Sagi, an Israeli billionaire who now lives in Cyprus, was apparently saved at the last minute from an assassination plot several days ago, Israeli media reported Sunday. Sagi, who is well-known in Israel, founded the gambling software company Playtech and owns Camden Market in London.
Sen. Bob Menendez (D-NJ) is expected to bring a unanimous consent request for the House’s $1 billion Iron Dome funding bill to the Senate floor today — the request aims to pass the bill without a full Senate floor vote.
Sen. Rand Paul (R-KY), who has demanded an amendment to pay for the funding by reallocating aid to Afghanistan, has not indicated plans to lift his objection to the unanimous consent request, which would trigger the Senate to vote on the legislation.

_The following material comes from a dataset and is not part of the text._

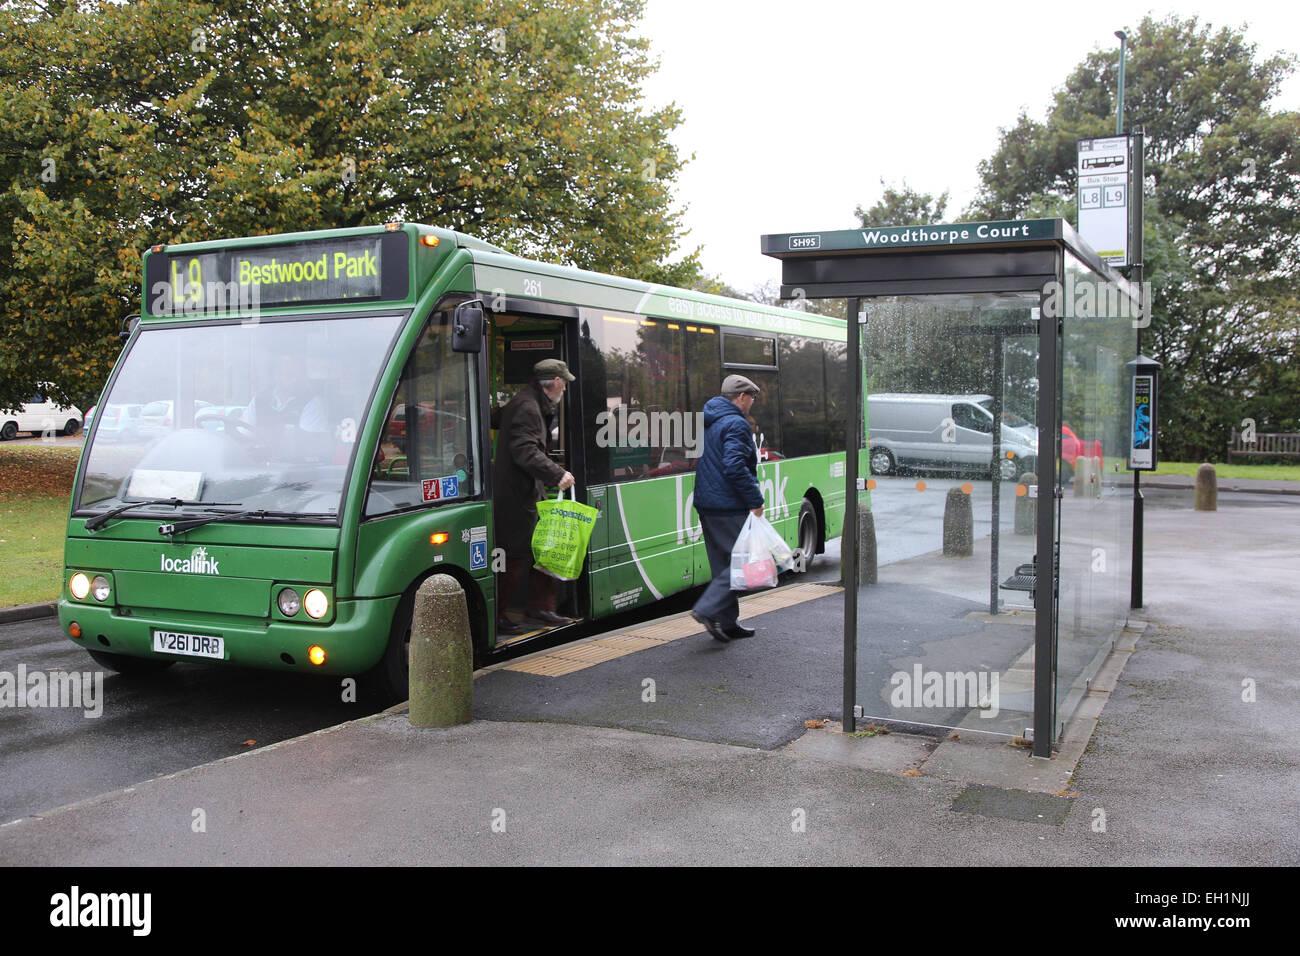 Local bus service, Nottingham, - Stock Image

The Jewish Federations of North America held its virtual Global Assembly on Sunday. Speaking via webcast, Israeli President Isaac Herzog warned of the threat of a rift between Israel and North American Jewry, calling for solidarity and mutual respect. “I cannot imagine a world in which the two epic centers of Judaism function in solitude and disconnect, without working to build bridges back to each other,” he said.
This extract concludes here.